«Итак, Конрад… он часто водил ятвягов, сковитов, пруссов, нанятых за деньги, на сандомирские земли, подвергая их разграблению и опустошению. Яростно сопротивлялись жители Кракова и Сандомира…

Во времена этого Конрада по его призыву… языческий народ впервые начал опустошать Польское королевство. Ведь упомянутый Конрад щедро наградил язычников, помогавших ему. Но он не остался безнаказанным…»[49]

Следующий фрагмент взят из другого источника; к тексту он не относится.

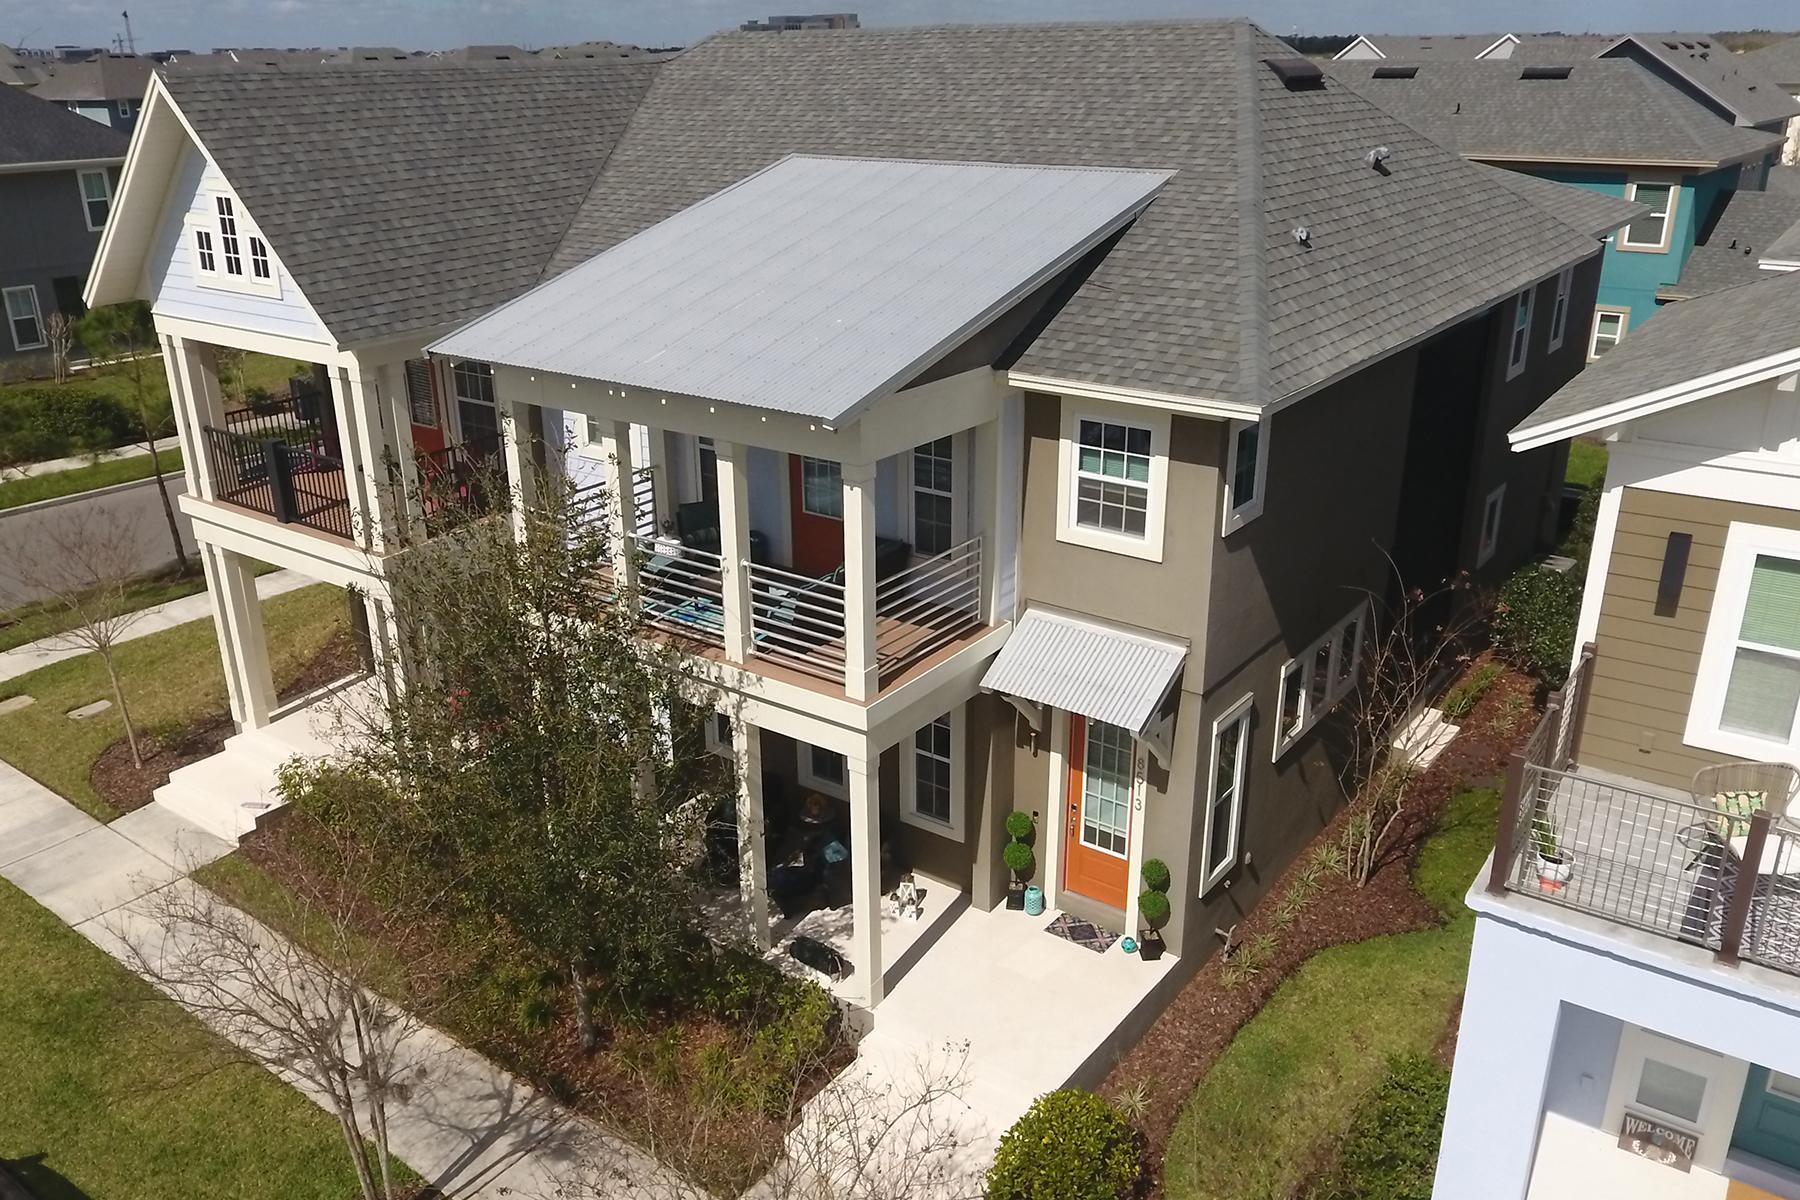 Townhouse for Sale at 8513 Pinter St , Orlando, FL 32827 8513 Pinter St, Orlando, Florida, 32827 United States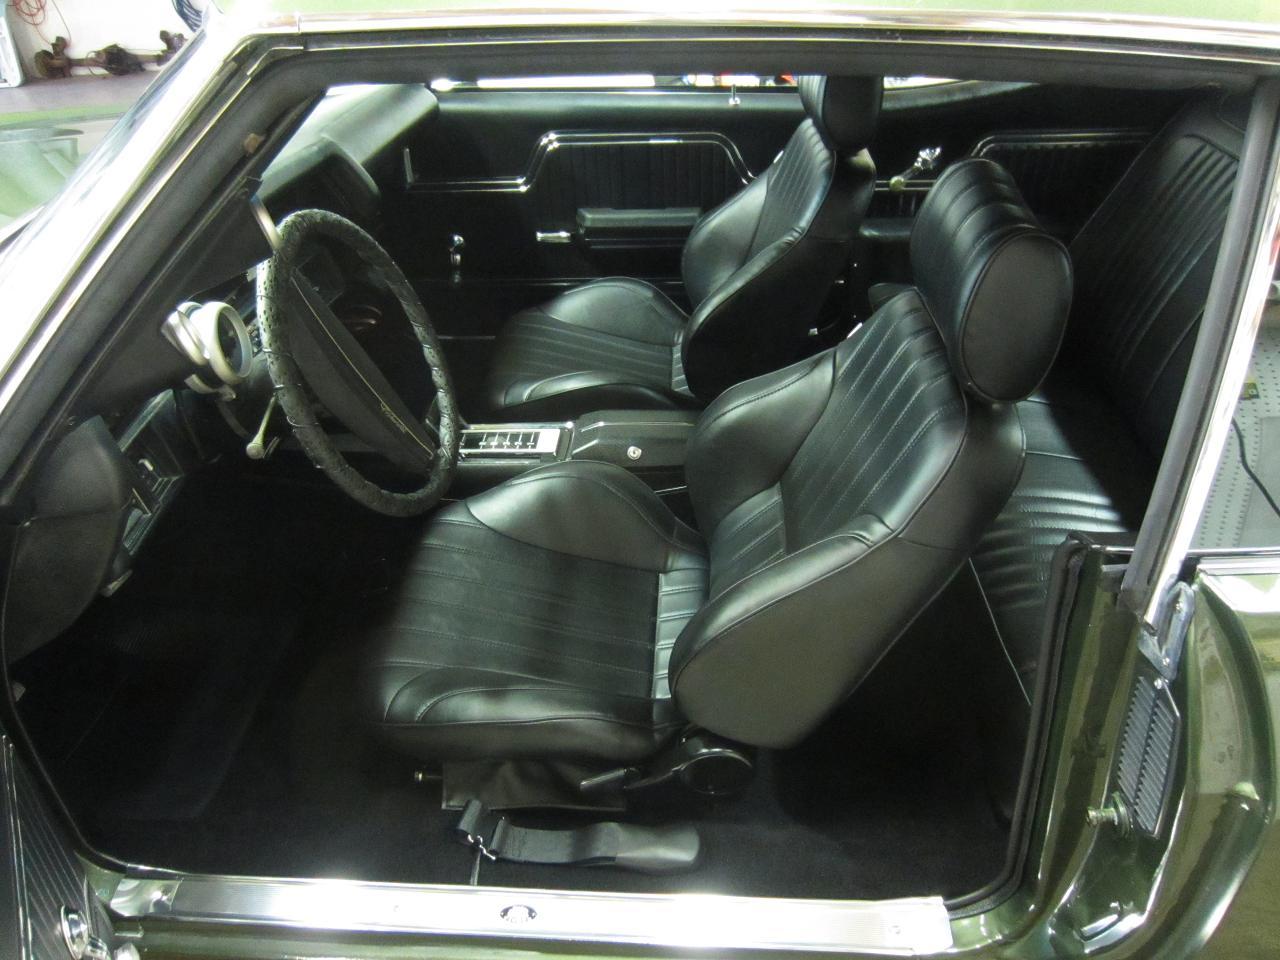 1971-Chevrolet-Chevelle-c2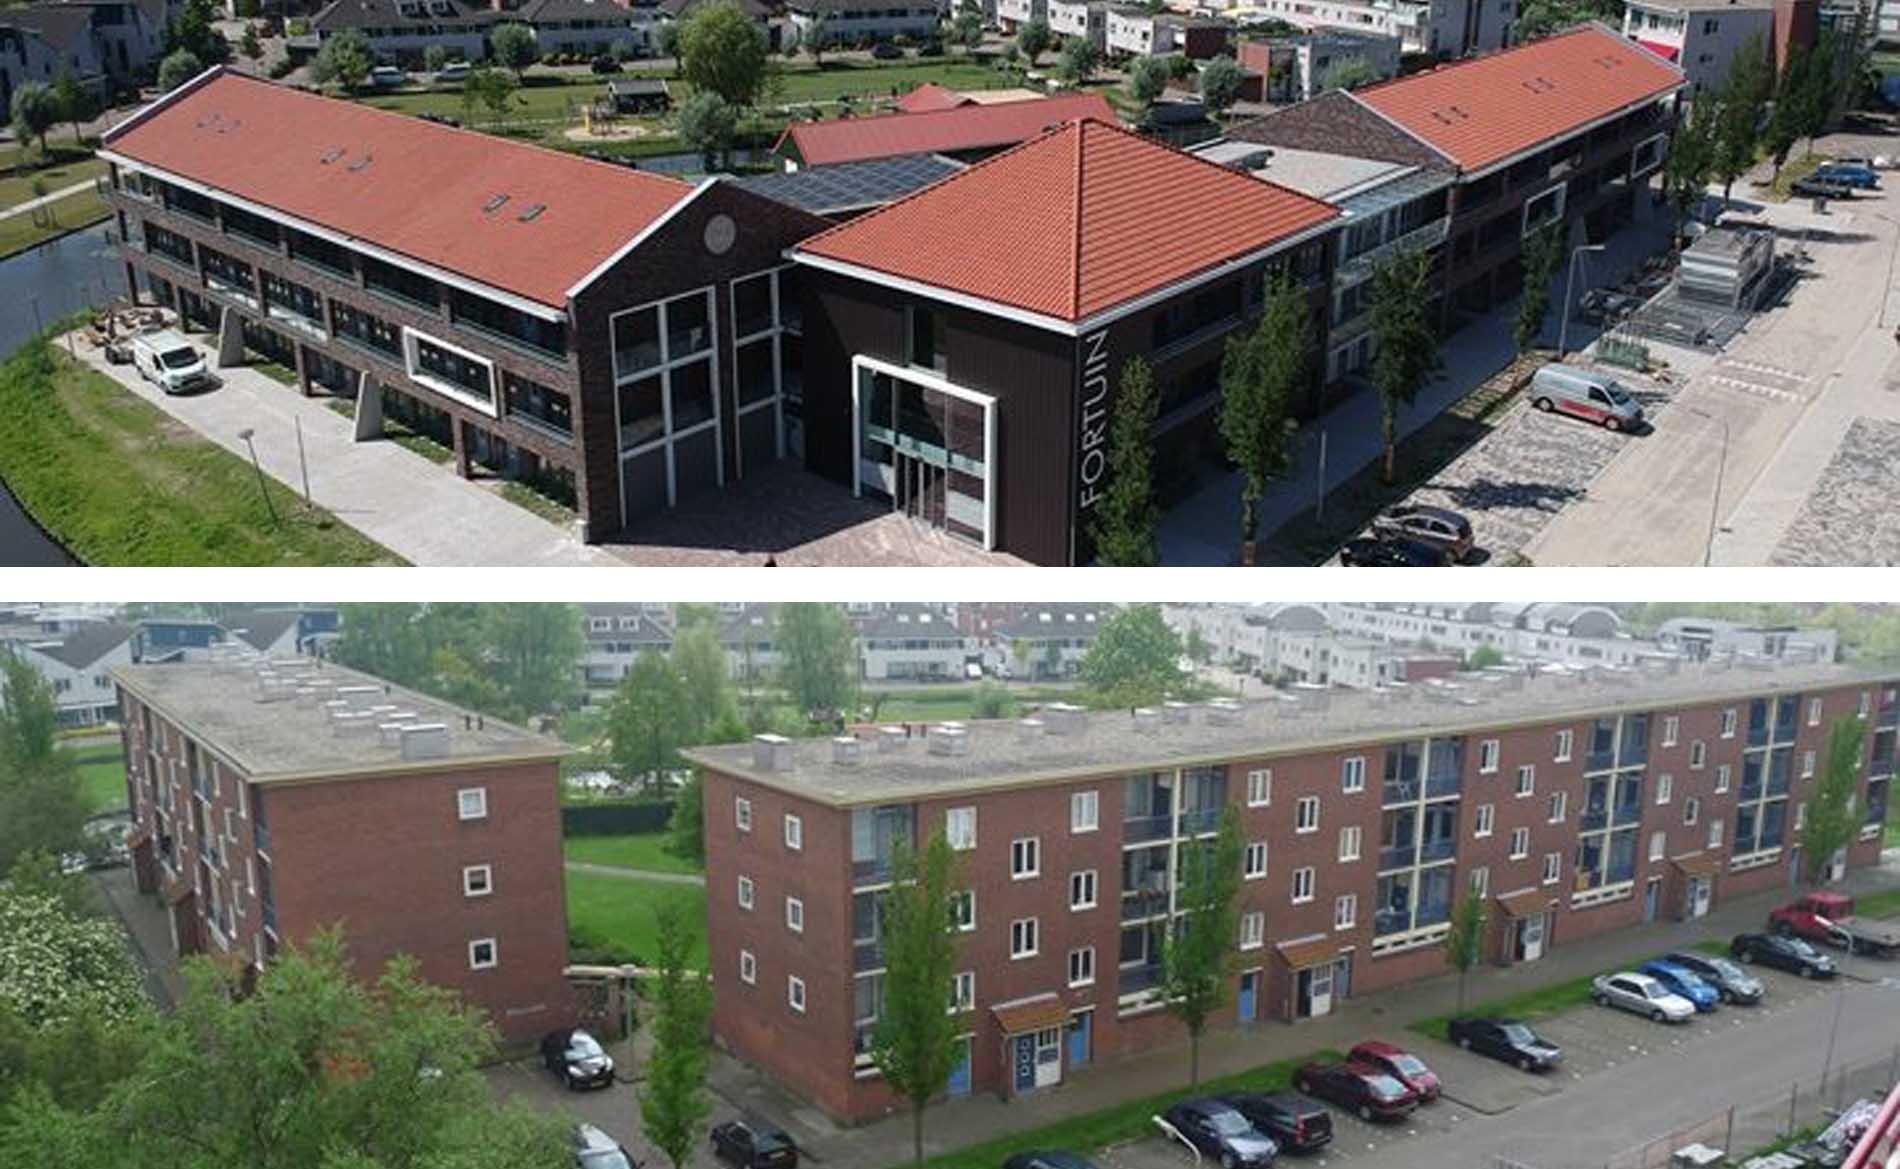 architect appartementen sociale woningbouw herstructurering Spatter- Fortuinstraat Wormer BBHD architecten

Далеко южнее Самбии в своем замке в городе Плоцке томился в ожидании князь Мазовии и Куявии Конрад. Польша, как, впрочем, и вся Европа в те времена, была раздираема смутой и бесконечными войнами. И только ему — достойнейшему из достойных — князю Конраду Мазовецкому суждено было, по его мнению, объединить под своими хоругвями великую страну. Тогда ничего не сможет удержать его и от покорения богатой дикой Пруссии. А пока, к стыду своему, он вынужден вести тайные переговоры с погаными язычниками и, более того, униженно просить их о помощи.

Более месяца назад тайные послы Мазовецкого посетили Верховного Жреца пруссов и передали, кроме всяких дружеских подарков и заверений в преданности, просьбу выступить с войсками на Леха Белого, князя сандомирского и краковского, — брата Конрада. Несколько раньше с такой же просьбой послы Мазовецкого побывали и у Даниила Романовича Галицкого. Тот согласился выставить несколько полков при условии, что соблазнительно богатый Краков будут брать именно его витязи. Мазовецкий и сам был не прочь поживиться в столице брата, но пошел на жертву во имя окончательной цели своего плана — стать единовластным правителем Польши.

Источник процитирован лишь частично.